::: Data provided :::

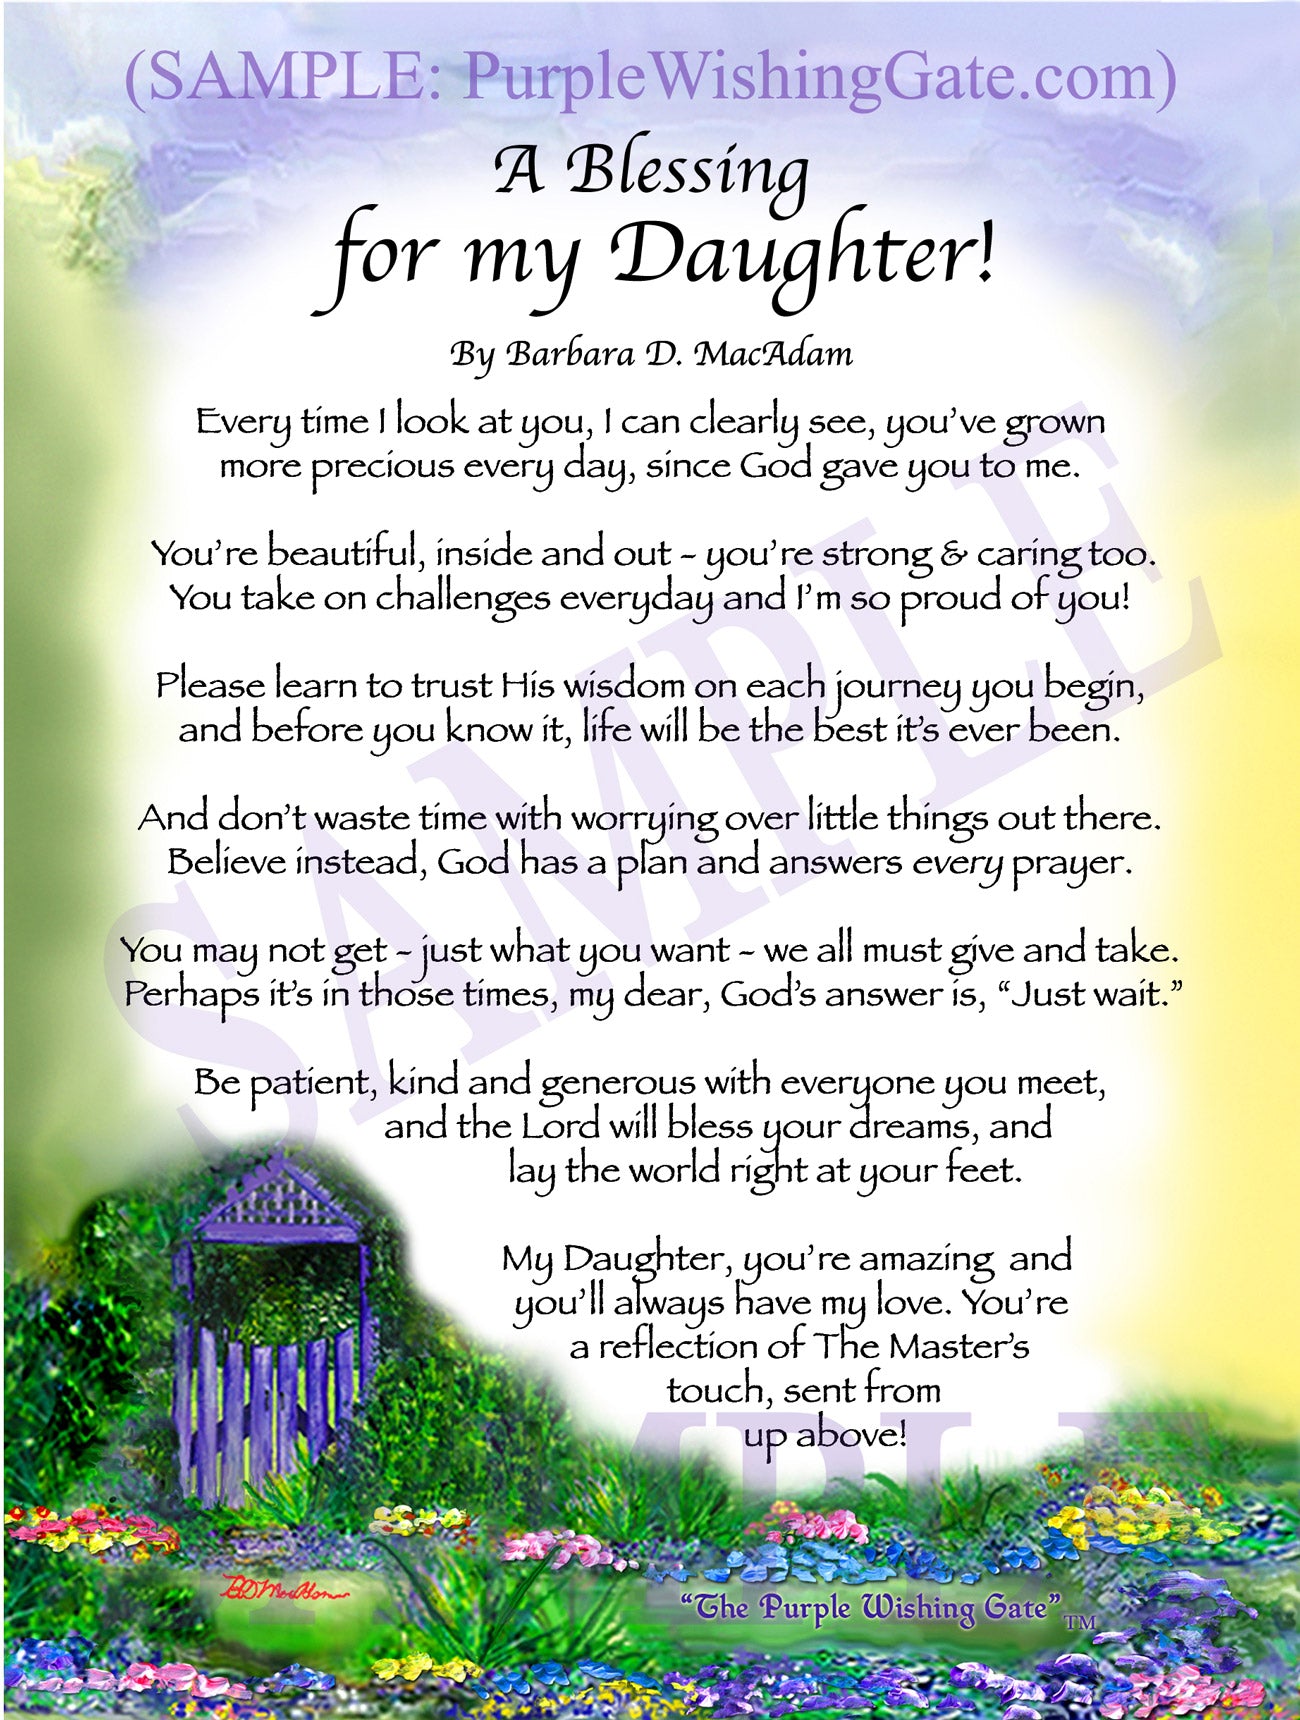 
              
        		A Blessing for my Daughter! (child-adult) - Gifts for Daughter - PurpleWishingGate.com
        		
        	
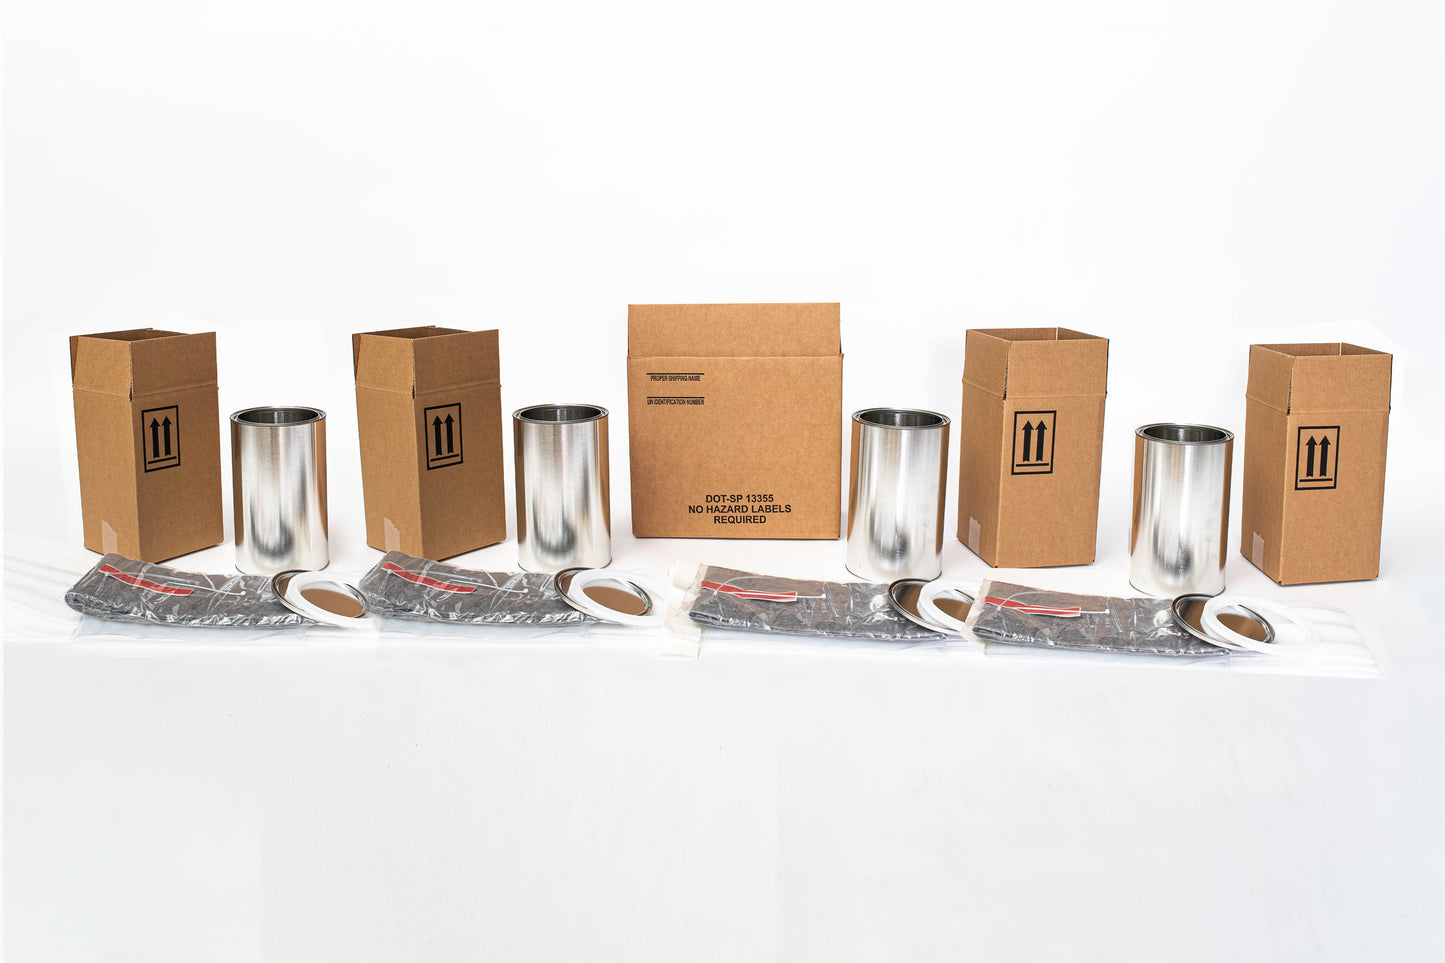 UN4GV 4-in 1 Liter/32 oz (or less) Special Permit Packaging Kit
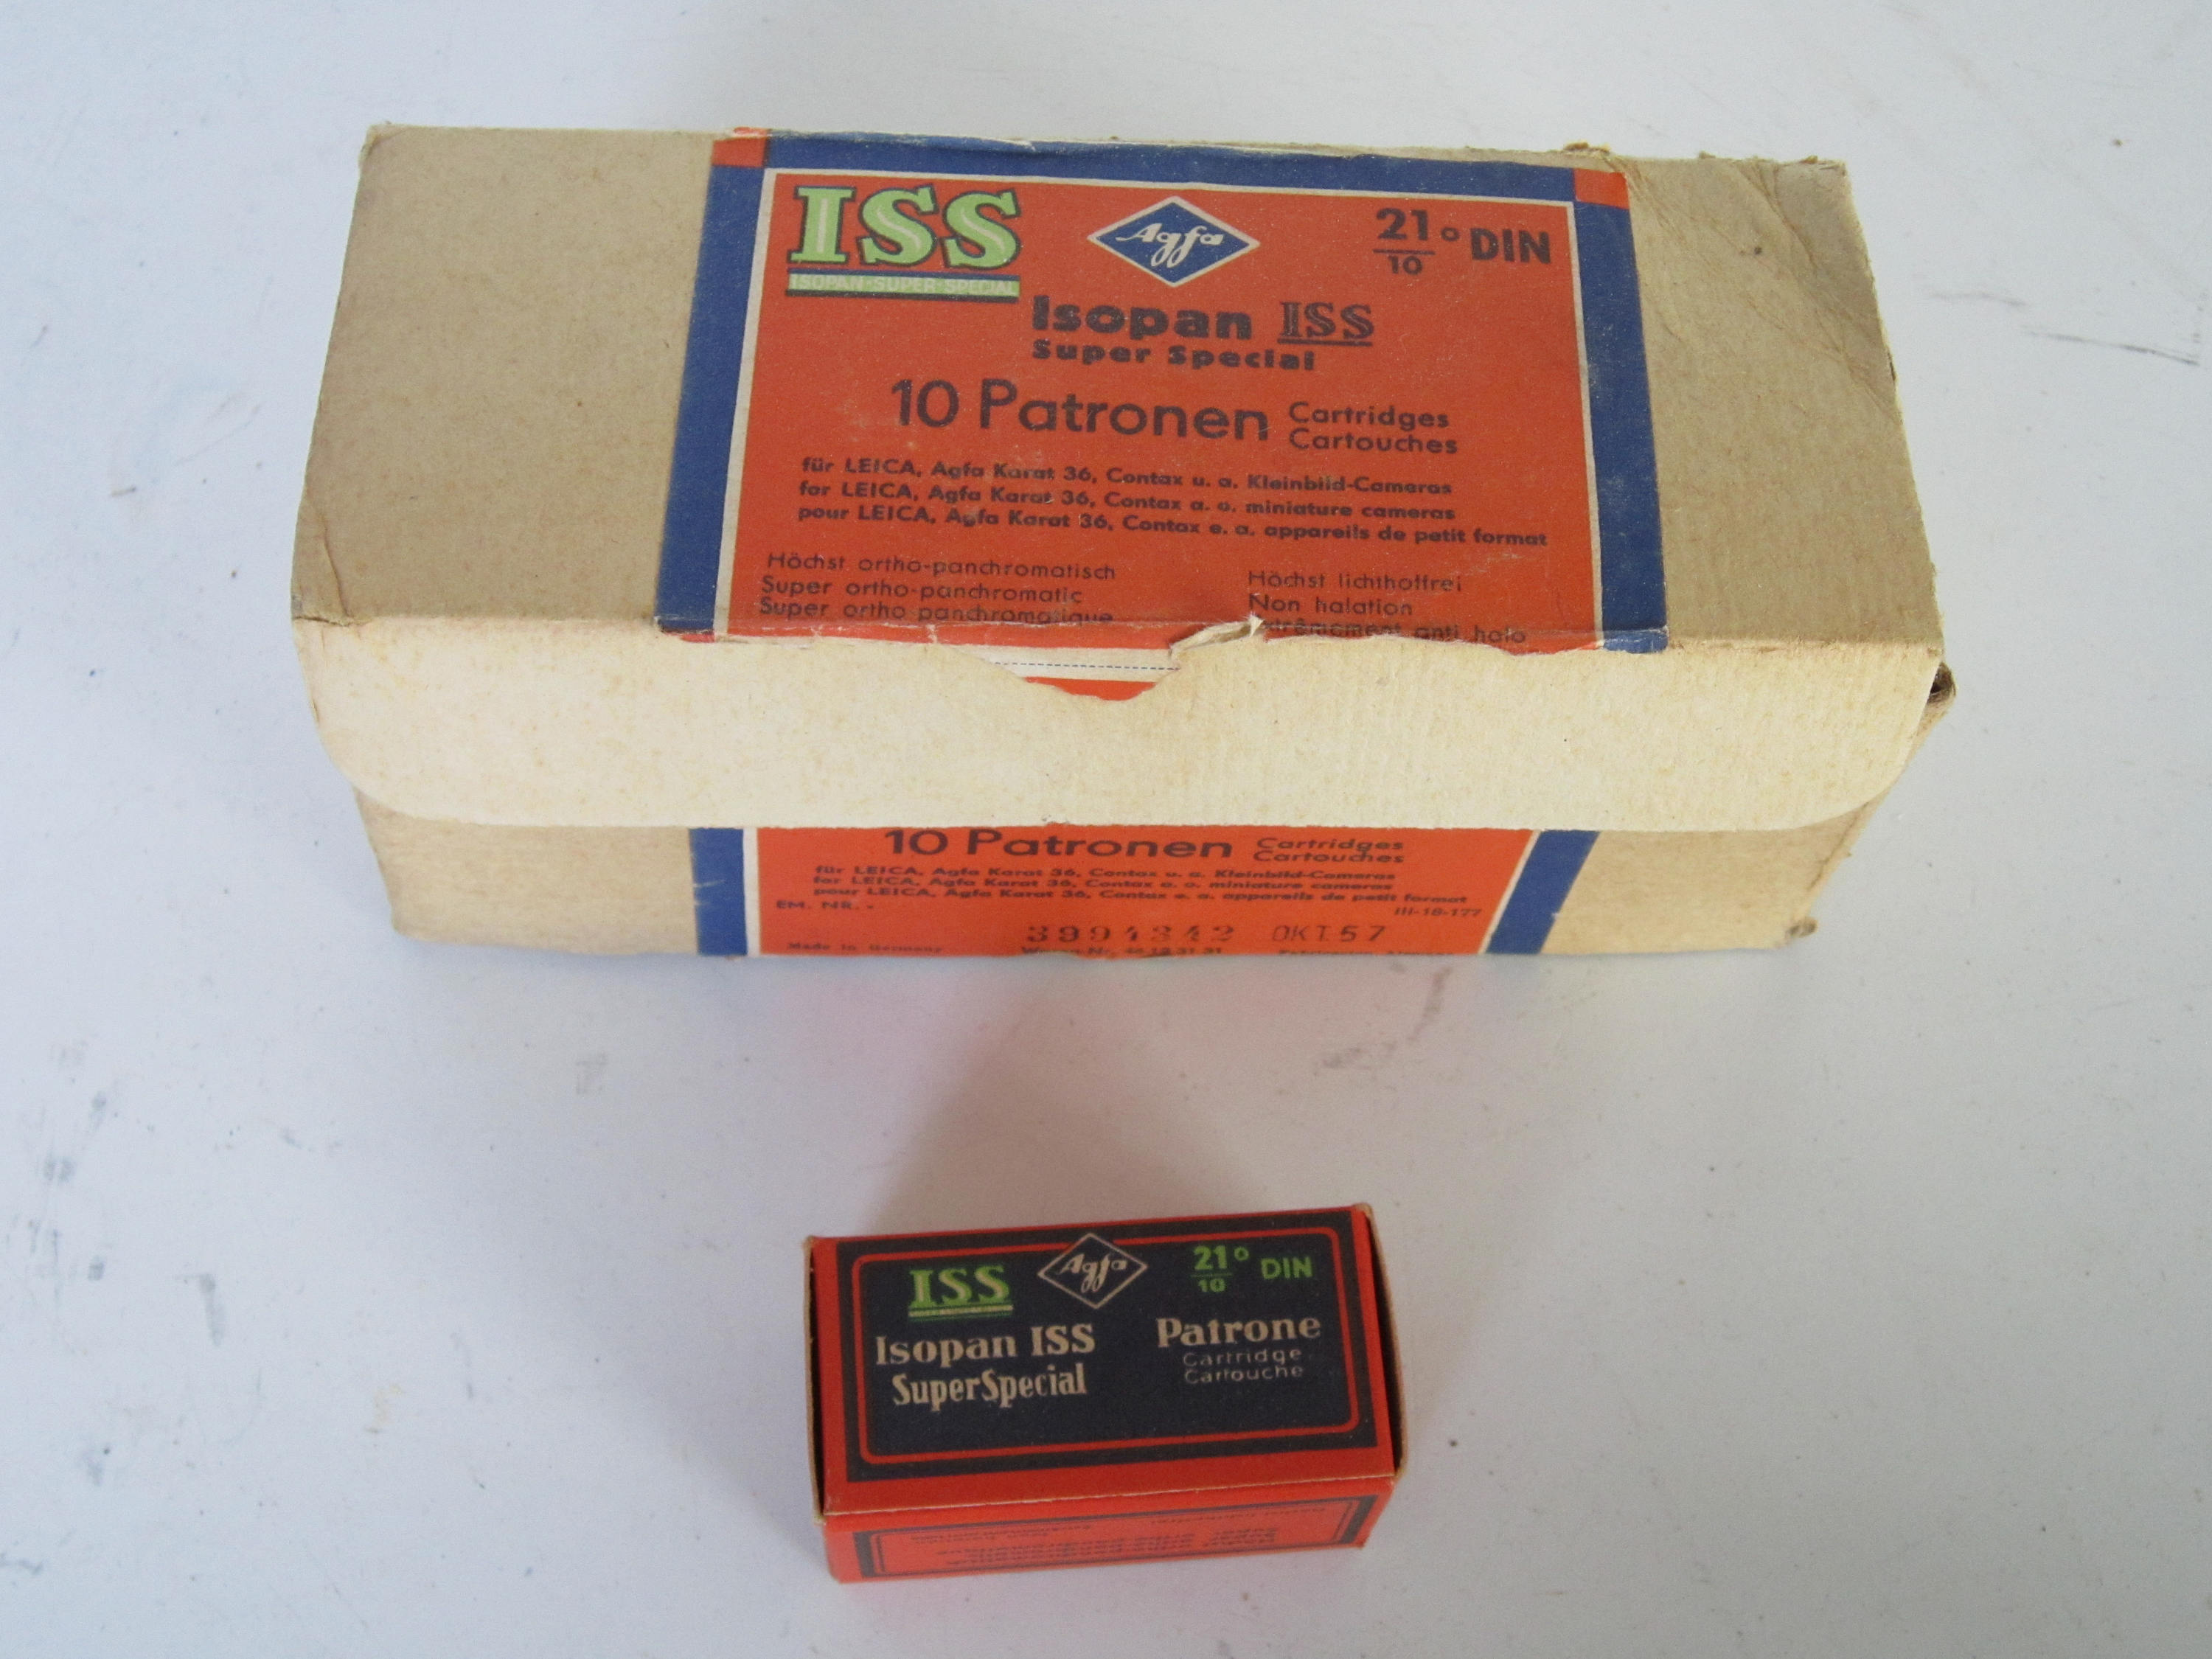 1 Roll of AGFA Isopan ISS 35mm film from 1957 black and white from ...

:::

### Exercise objective
The data above, line by line: transcribe it exactly and drop the pictures.

### Output for this exercise
        		A Blessing for my Daughter! (child-adult) - Gifts for Daughter - PurpleWishingGate.com
        		
        	
 UN4GV 4-in 1 Liter/32 oz (or less) Special Permit Packaging Kit
 1 Roll of AGFA Isopan ISS 35mm film from 1957 black and white from ...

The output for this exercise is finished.